In this blog series (read part 1) we have presented a few options to implement a copilot solution based on the RAG pattern with Microsoft technologies. Let’s now see them all together and make a comparison.

To summarize:

Microsoft Copilot studio is a great option for low code developers that wish to pre-define some closed dialogue journeys for frequently asked questions and then use generative answers for fallback. It should be the first choice for customers familiar with the Power Platform suite and it enables them to get a quick prototype published on pre-defined channels (Teams, Facebook or Slack) in minutes and with no code.
Azure AI Studio Playground with the Azure OpenAI on your data feature should be the first option to consider for developers that need an end-to-end solution for Azure OpenAI Service with an Azure AI Search retriever, leveraging built-in connectors. Similarly to Copilot Studio, it enables quick prototyping through GUI, but it also enables the choice of the LLM used as chat engine (within the OpenAI family).

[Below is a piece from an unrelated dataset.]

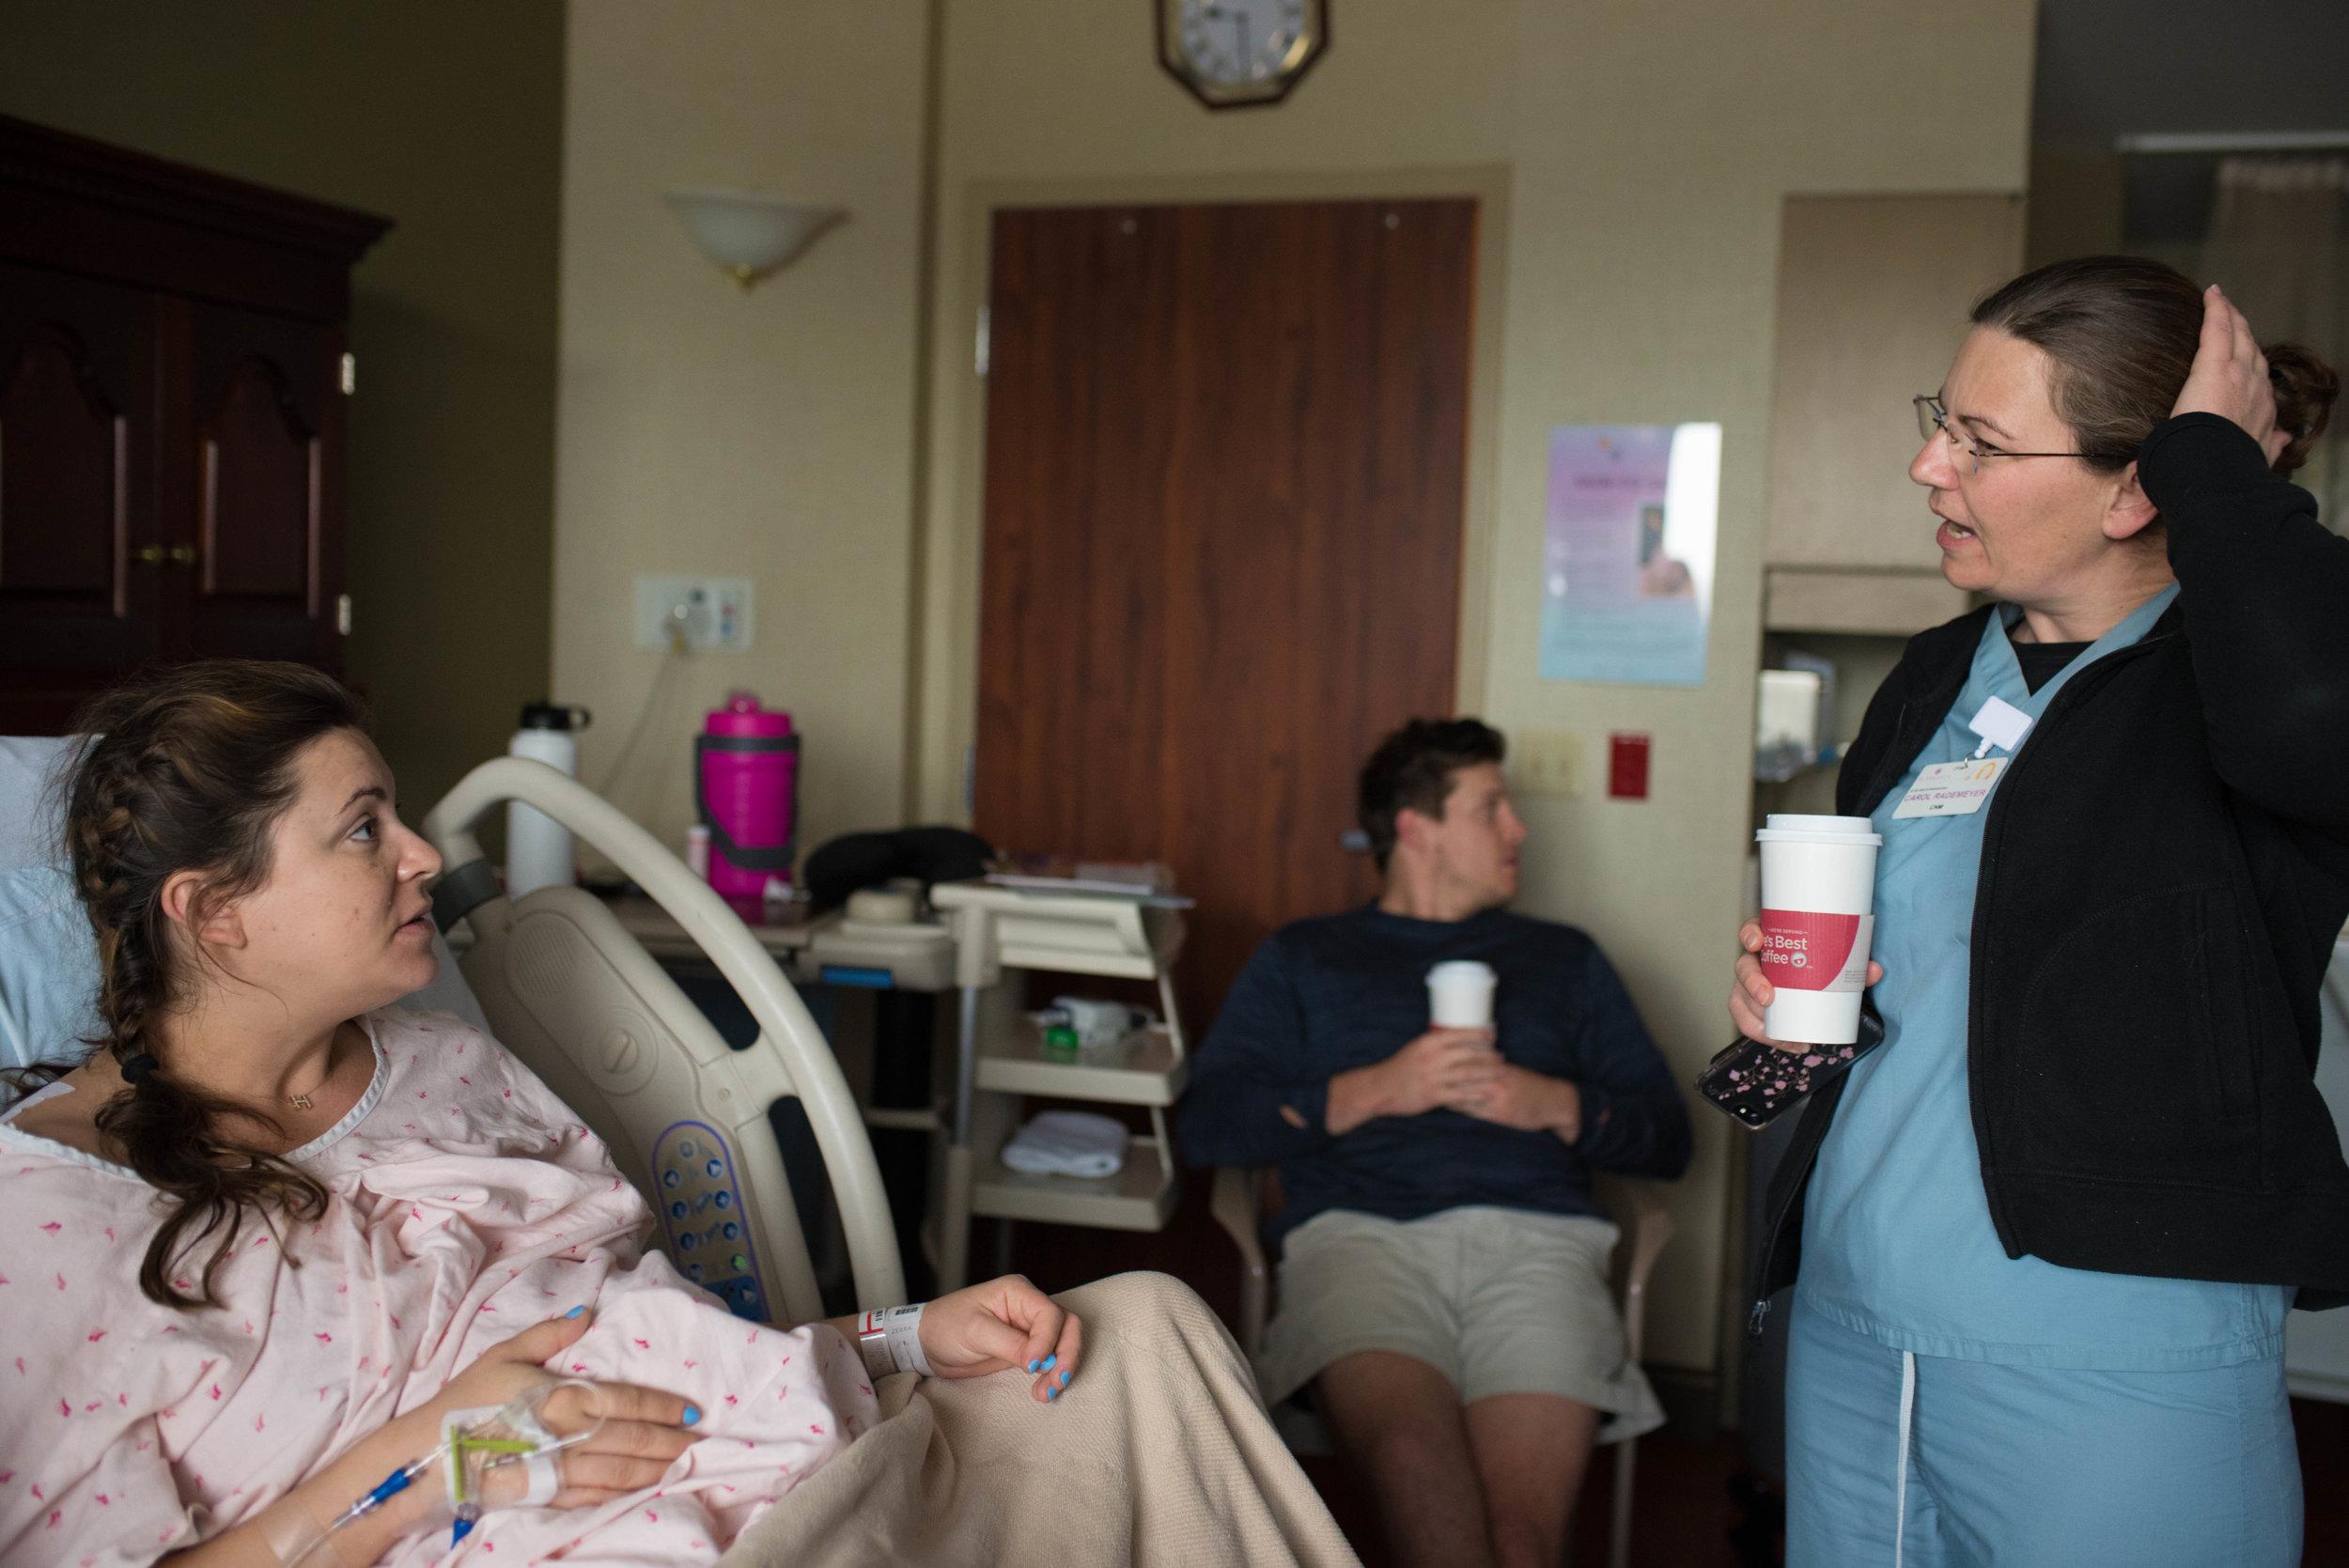 060-Full-Circle-st-vincents-southside-hospital-birth-jacksonville.jpg

When developers need more control over processes involved in the development cycle of LLM-based AI applications, they should use Prompt Flow to create executable flows and evaluate performance through large-scale testing. Prompt Flow also allows the integration of custom Python code and several LLMs in the same solution (both OpenAI or Open Source). It is available both as low code experience (through Azure AI Studio and Azure ML Studio) and as a code-first experience (as a VS Code extension).
To get the highest level of flexibility and control over solution architecture, developers might need to build custom solutions. This option is also the one which implies a higher level of complexity.